The peace groups, which include the Norwegians and now the British, seem to have no role in their act for the Tamil people. All current peace initiatives seem directed towards one end - talks with LTTE. I am sorry, but I do not see that as an equation that is ipse facto, true. Does the LTTE, or for that matter any of the Tamil parties, have a mandate from the Tamil people? The peace groups, the Government, the Opposition, the Norwegians, the British seem to accept this as an axiom. No one has, however, cared to test it with the Tamil people. That is why I say that it is time that Tamil people everywhere, whether in the "cleared", or "uncleared" areas, or in the rest of the country, or abroad, demand their right to an open forum in which to have their say. How create the conditions for the Tamil people to exercise their right to enter the debate and negotiate the final answer to the Tamil question that concerns them most? My suggestion is, in the context of the inability or unwillingness of all these parties concerned to keep the peace in the North and East, that a UN Elections Monitoring Team be called in to install a properly elected, civilian government, freely chosen and clothed with power and responsibility. This is the rationale for UN intervention. For one thing, it will yoke all the Tamil parties, including the LTTE, into agreements and arrangements that explicitly provide for democracy and human rights safeguards. In addition, life in the N. and E. will return to normal. What that means can, perhaps, best be expressed in terms of the reverse of all the abnormal, aberrant behaviourism that have been observed in that land in recent times.
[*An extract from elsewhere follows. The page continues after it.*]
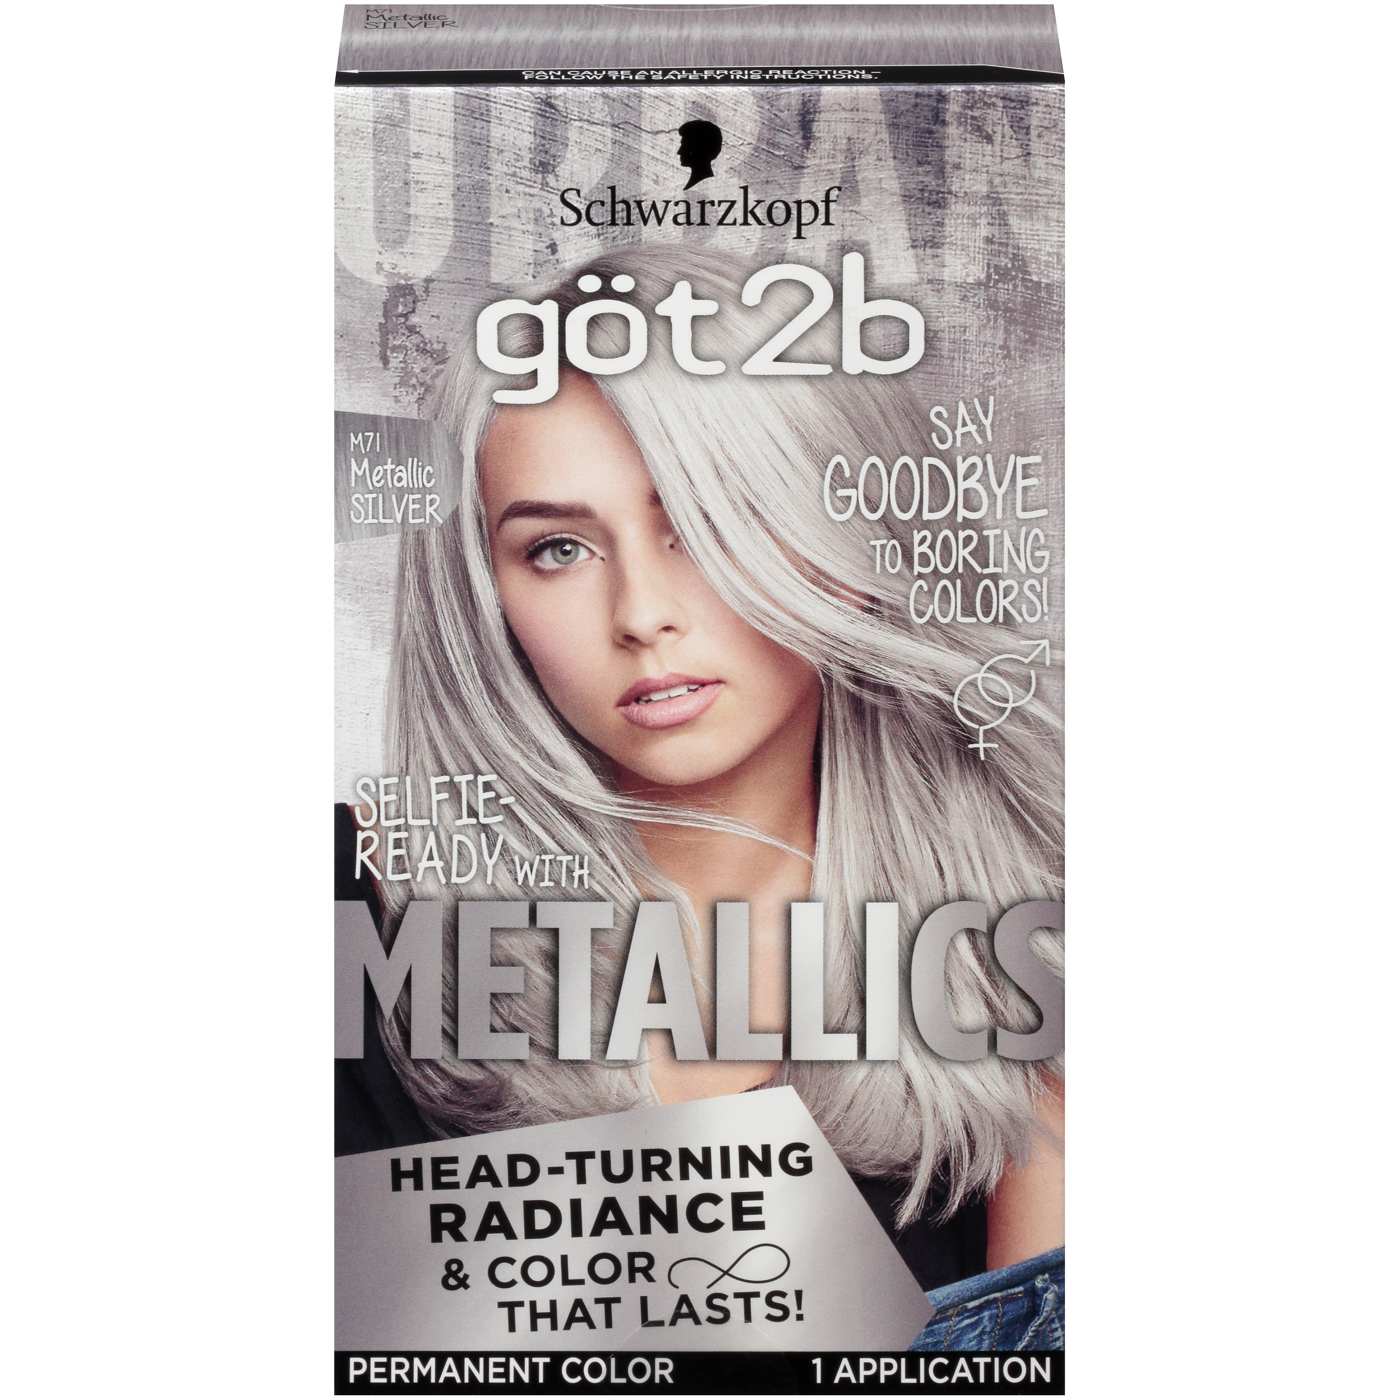 Got2b Metallics Permanent Hair Color, M71 Metallics Silver; image 1 of 4
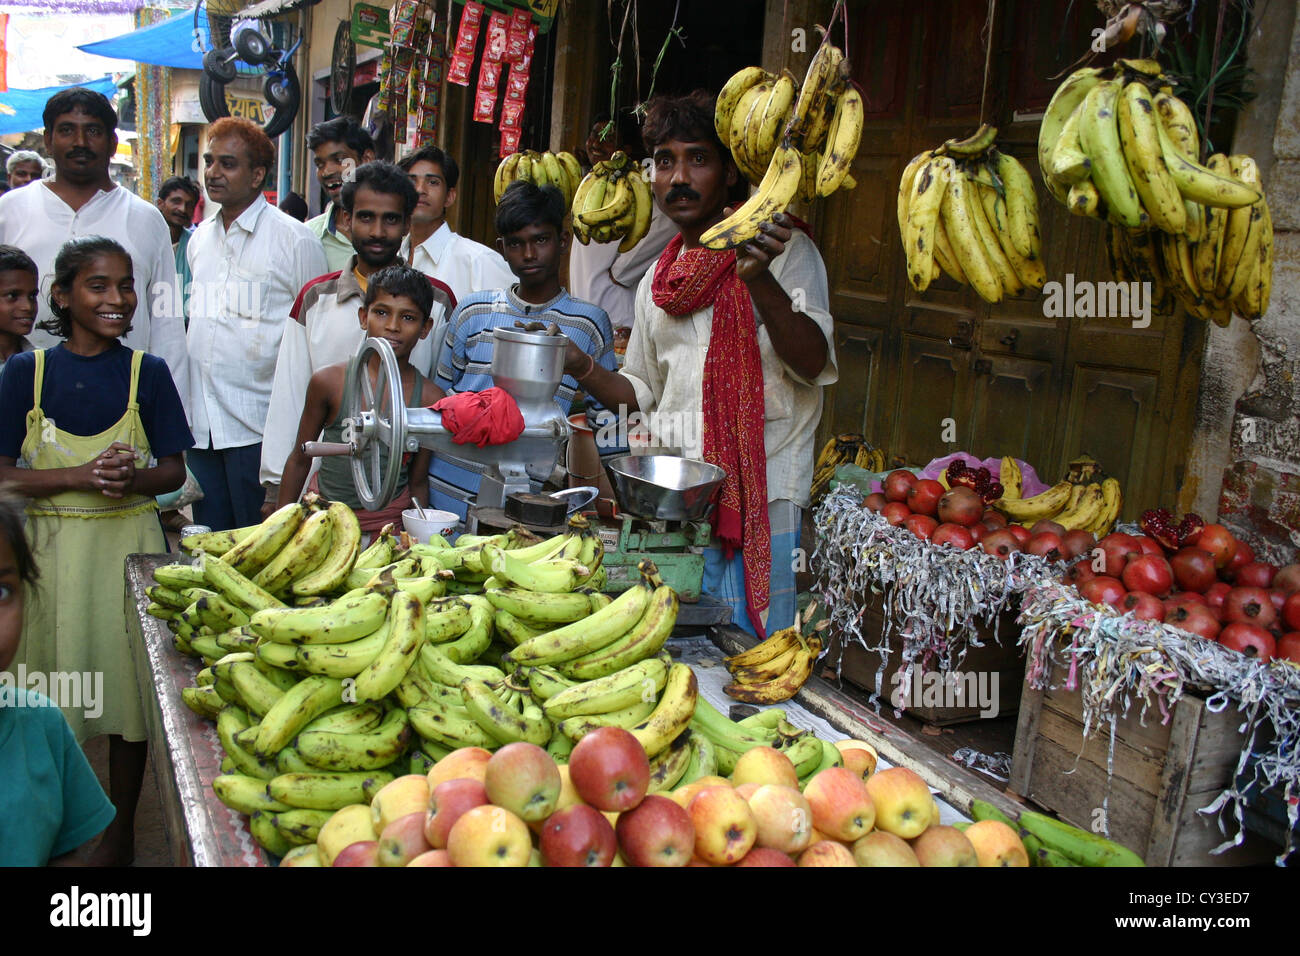 Banana sellers in a street market in New Delhi, India Stock Photo

Every opportunity should be grasped by the Tamil people and parties alike to establish links with groups of enlightened Sinhalese opinion that perceive the good of all implicit in breaking the hold of the present Sinhala ruling class over the affairs of the country, defeating majoritarianism and replacing the present unitarianism and centrist structure of government by a new confederative structure or consociation of nationalities. This, in a plural society such as ours, is the only suitable vehicle for democracy, according parity, equality and tolerance at all levels of government and society and culture and liberating the down-trodden and oppressed, whether Sinhala, Tamil, Muslim, Malaya or Burgher or other, so that they may live in peace, dignity and concord, without either class or ethnic bias and where there is scope for all without the one subsuming the other.